• WHAT THE EXERCISE ASKS
Pictures are not part of the answer. Return the lines from the one containing "Garçon sautant sur" through the end of the data, both included, exactly as they appear.

• GIVEN MATERIAL

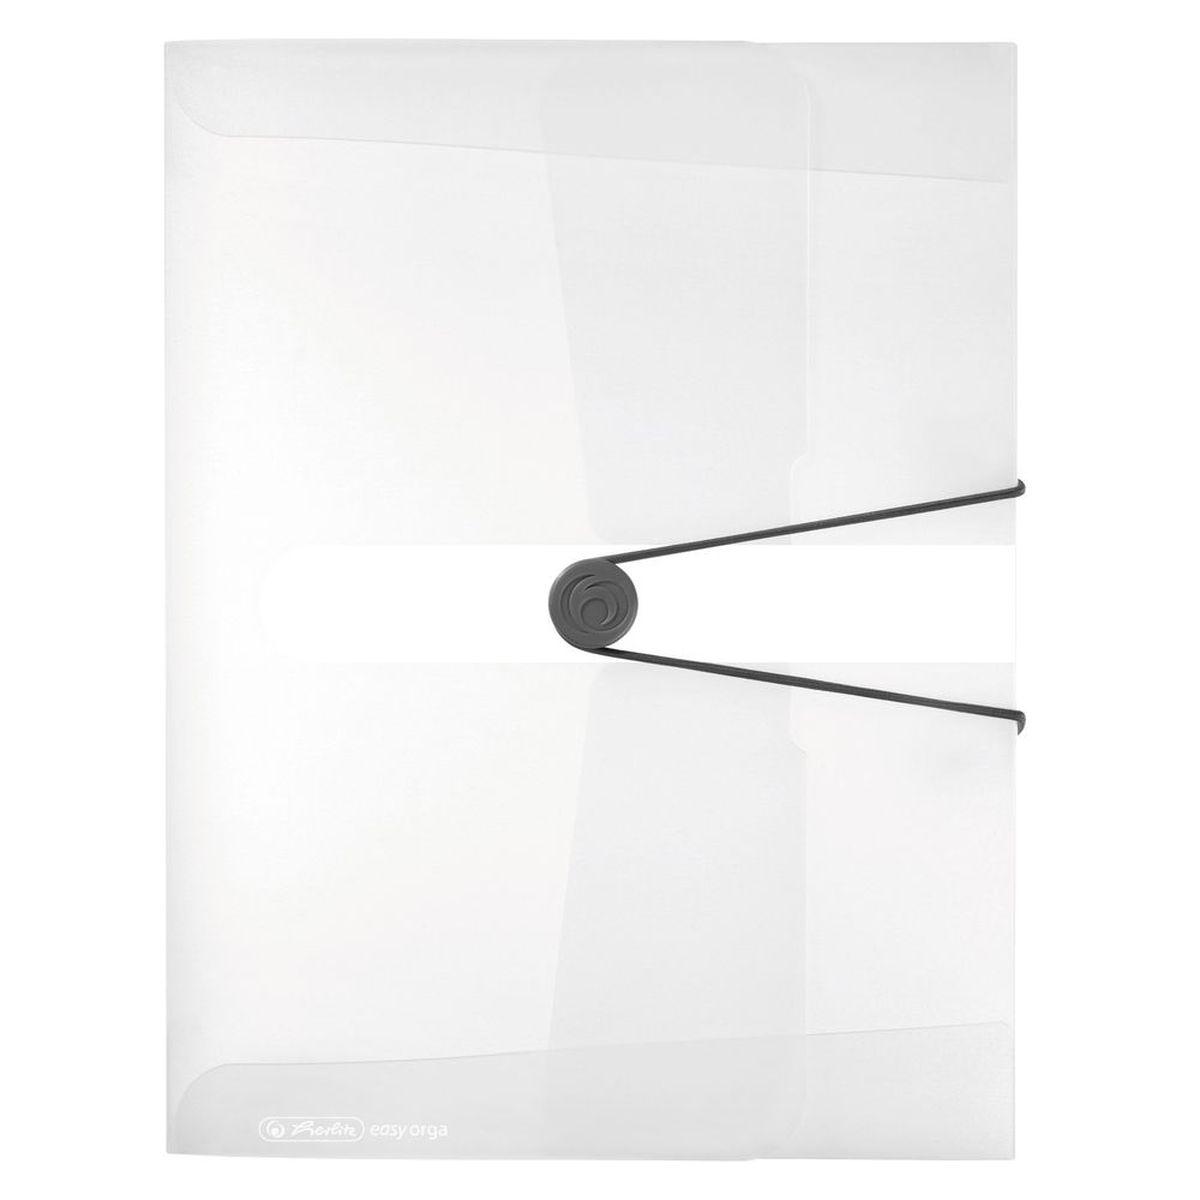 Herlitz Папка-конверт Easy orga to go цвет прозрачный -  Папки
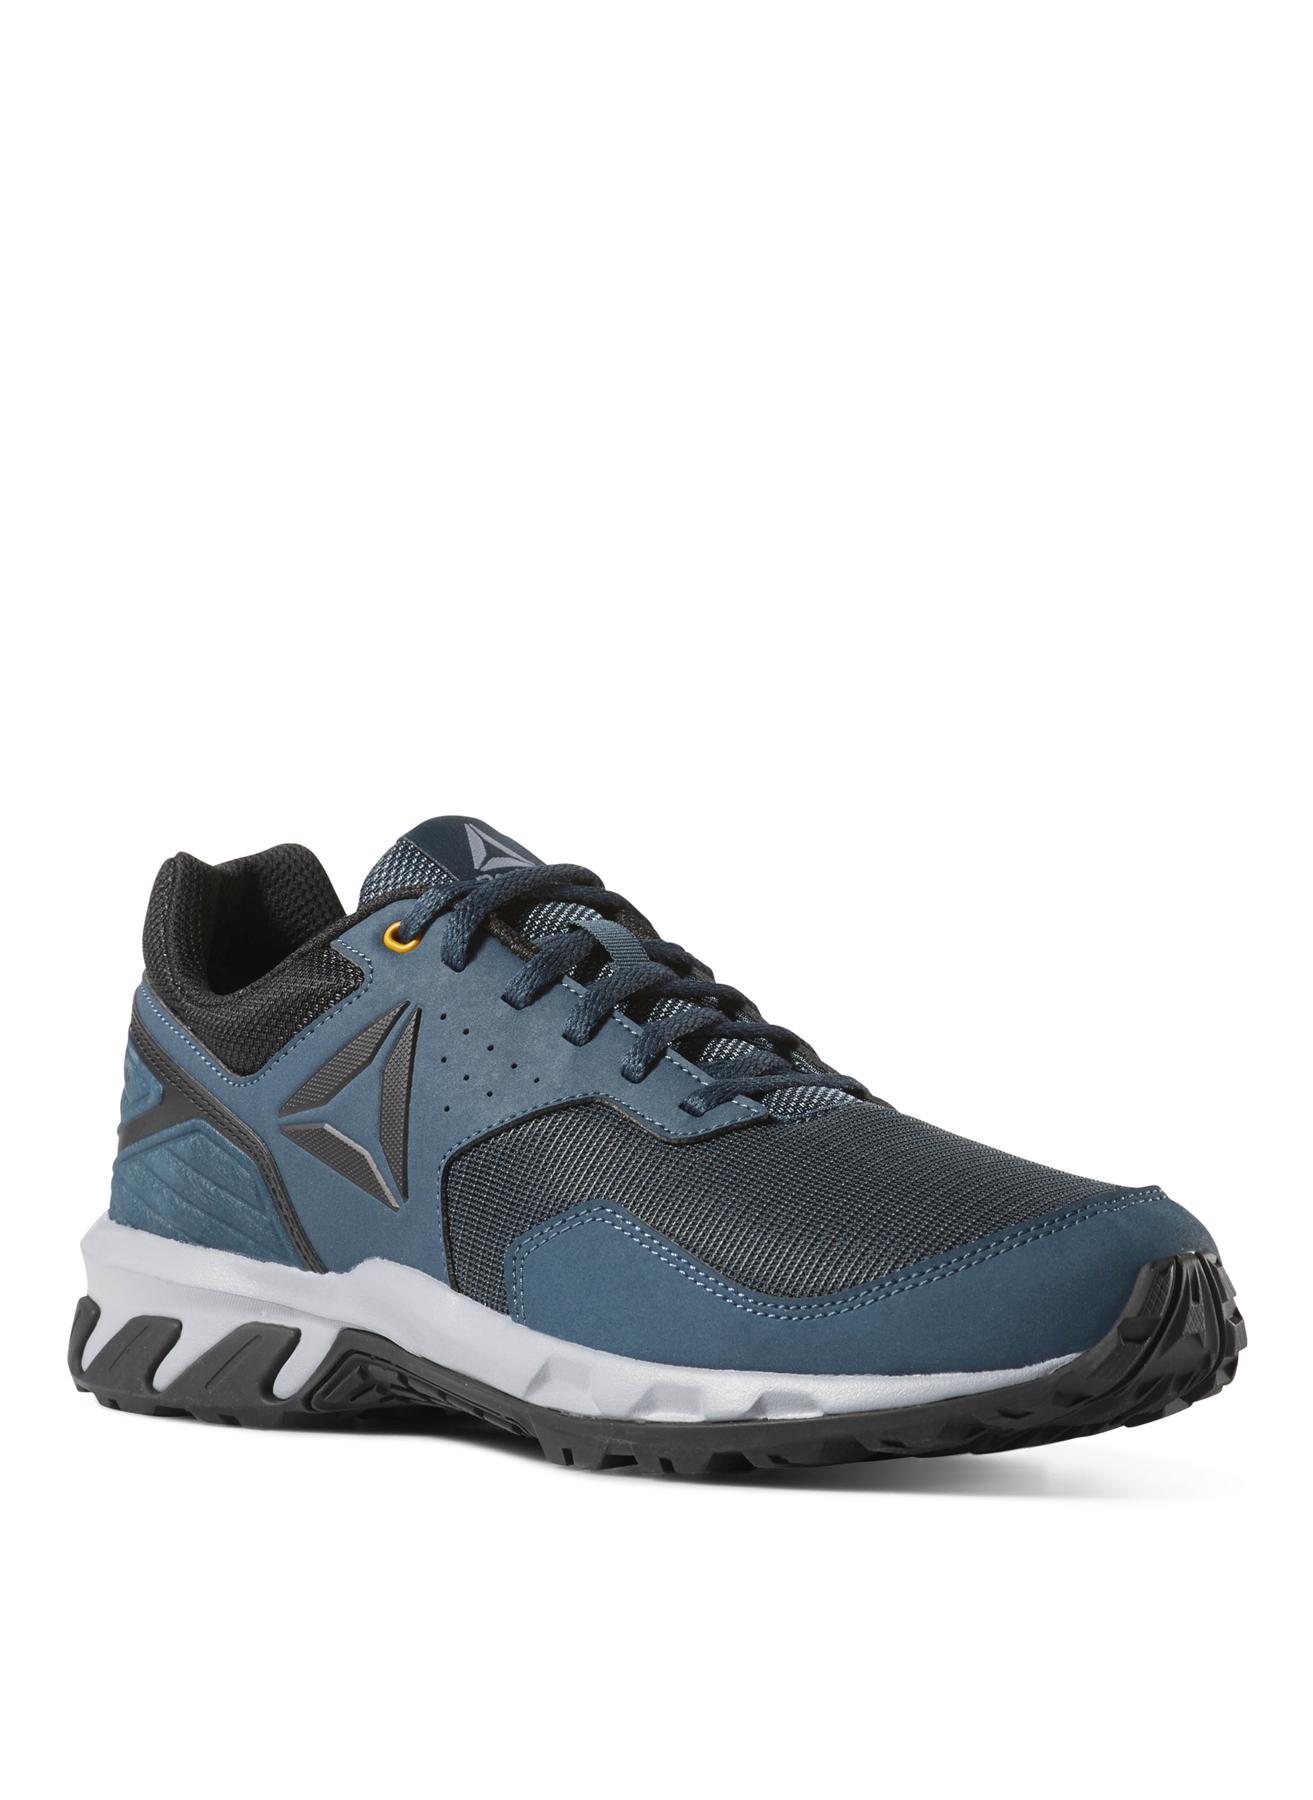 Reebok Koşu Ayakkabısı 41 5002359549003 Ürün Resmi
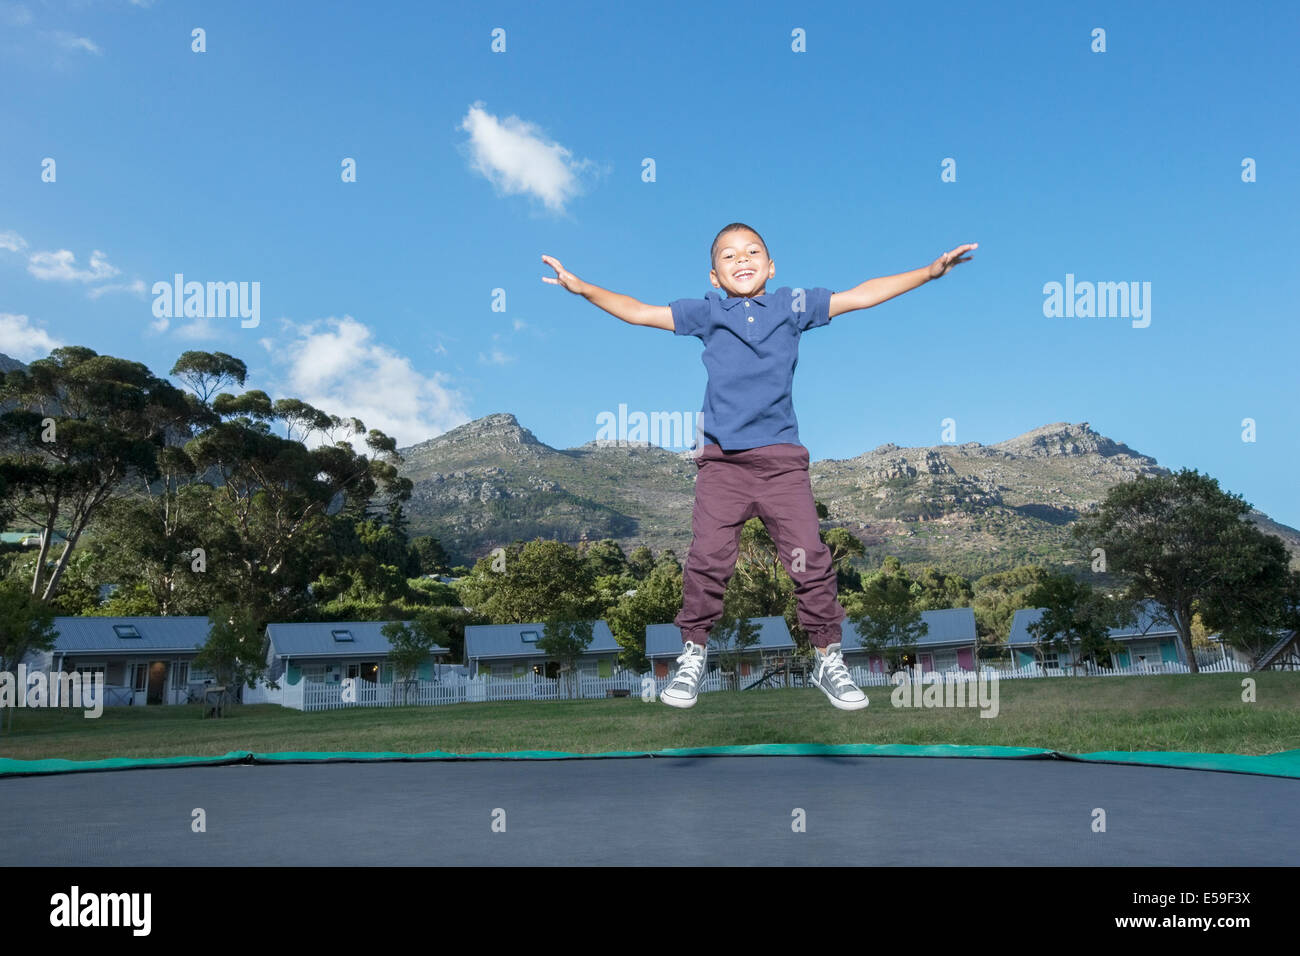 Garçon sautant sur le trampoline à l'extérieur Photo Stock
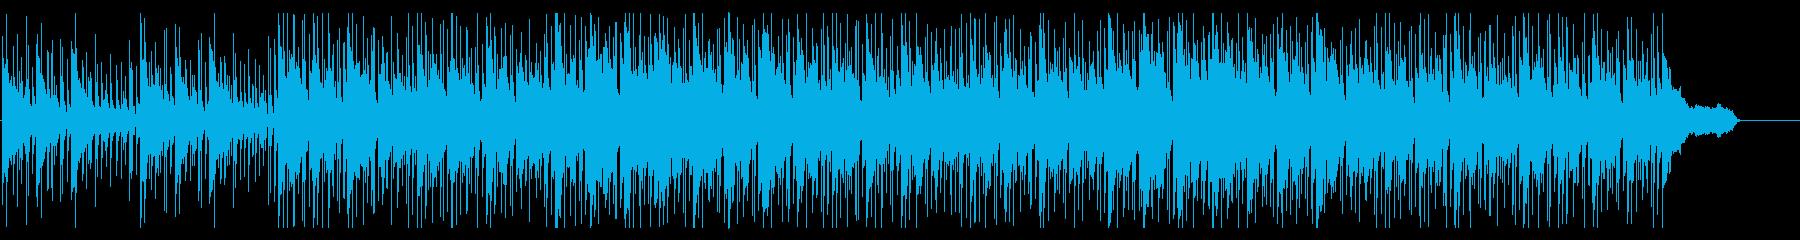 落ち着いたおだやかなコーポレートBGMの再生済みの波形

• RESPONSE FOR THIS EXERCISE
 Garçon sautant sur le trampoline à l'extérieur Photo Stock
 落ち着いたおだやかなコーポレートBGMの再生済みの波形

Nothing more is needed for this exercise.